A rebellious child who was expelled from her first school, she developed a lifelong love of theater and the performing arts. After World War I, during which she toiled in a munitions factory, she studied at the Royal Academy of Dramatic Art in London and worked for ten years as an actress. She appeared briefly in the chorus of a musical comedy, then joined a Shakespearean repertory company. Later, she performed in South Africa and Australia with other theatrical companies.
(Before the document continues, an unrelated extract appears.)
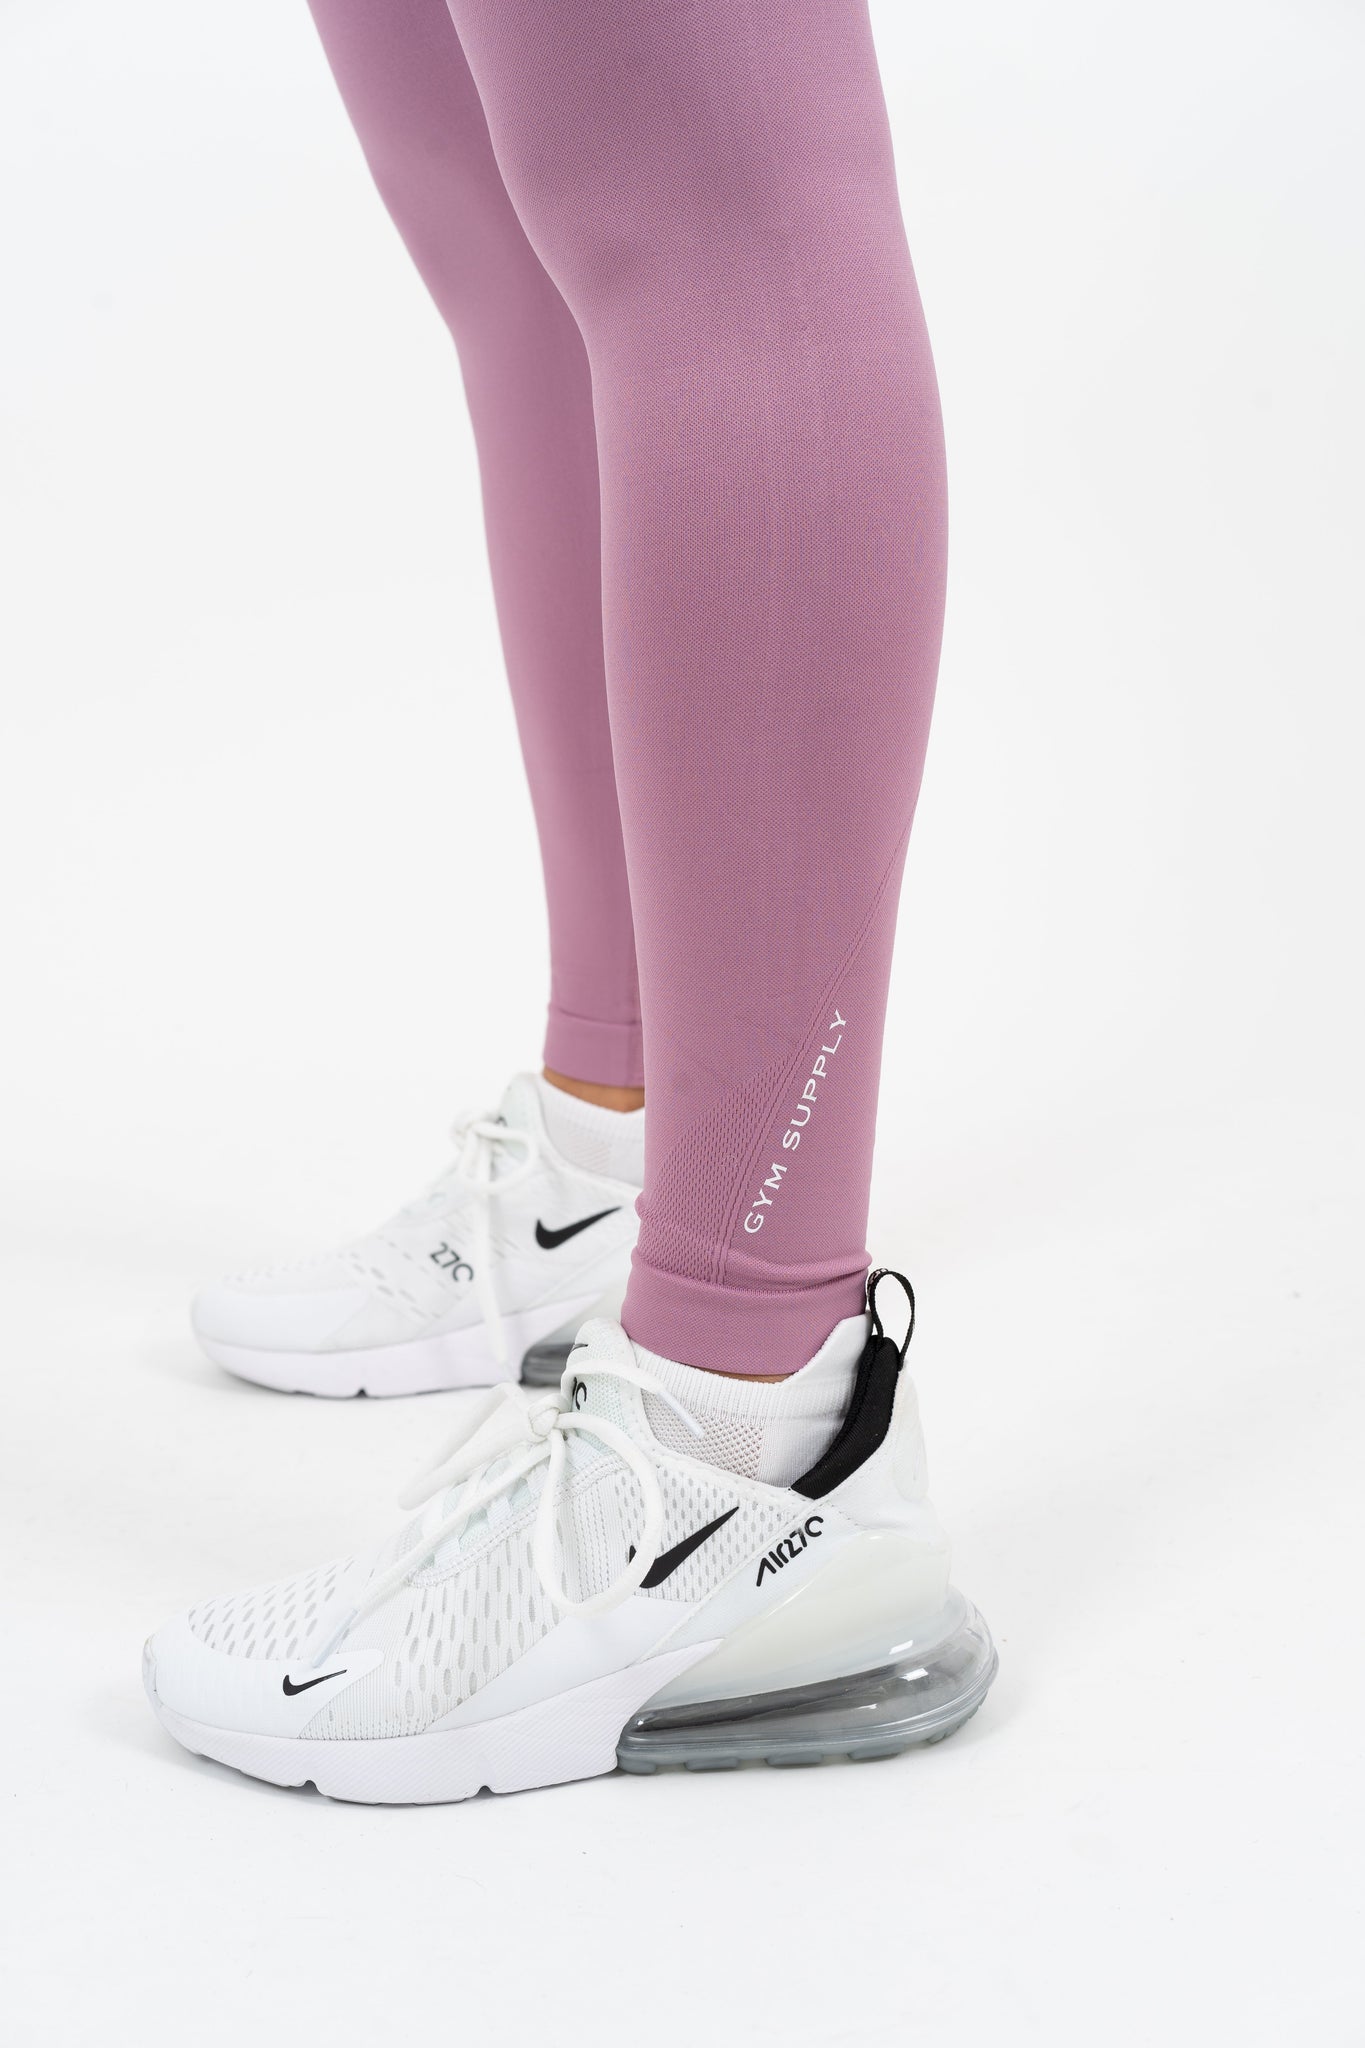 Icon Seamless Leggings - Pink - Gymsupply

After her father's sudden death in 1929, she left the stage to pursue a writing career. Her first novel, The Whicharts, was published in 1931. Though several other novels for adults followed, an editor encouraged a reluctant Streatfeild to write a theater-themed story for children. The result was the highly successful Ballet Shoes, about three young girls training for the stage. The book is still in print and has sold more than ten million copies.
During World War II, Streatfeild was a canteen worker for the Women's Volunteer Service in London. In the 1940's she produced books for both adults (some under the name Susan Scarlett) and children, many with wartime settings and reflecting the upheavals and scarcities of war, something she knew about firsthand: her own well-appointed London apartment had been destroyed in an air raid, leaving her temporarily homeless.
Following the war, Streatfeild continued her writing. She often drew on her travel experiences, as she did, for example, in two children's novels: 1949's Movie Shoes (titled The Painted Garden in Britain), inspired by a trip to California during which she saw child actress Margaret O'Brien filming The Secret Garden; and 1967's The Magic Summer (titled The Growing Summer in Britain), drawing on her frequent visits to Ireland. By the 1960s, Streatfeild was no longer writing adult novels, concentrating instead on historical works, memoirs, and books for children; in 1968 and 1969 she wrote the four-book Gemma Bow series, again returning to a theatrical milieu. She again used her wartime memories in 1974's When the Sirens Wailed, about three British children during World War II.
Streatfeild was also a book critic, a lecturer on children's books, and the editor of Noel Streatfeild's Ballet Annual. She continued to write and publish books until she was in her late seventies. Noel Streatfeild died in London on September 11, 1986.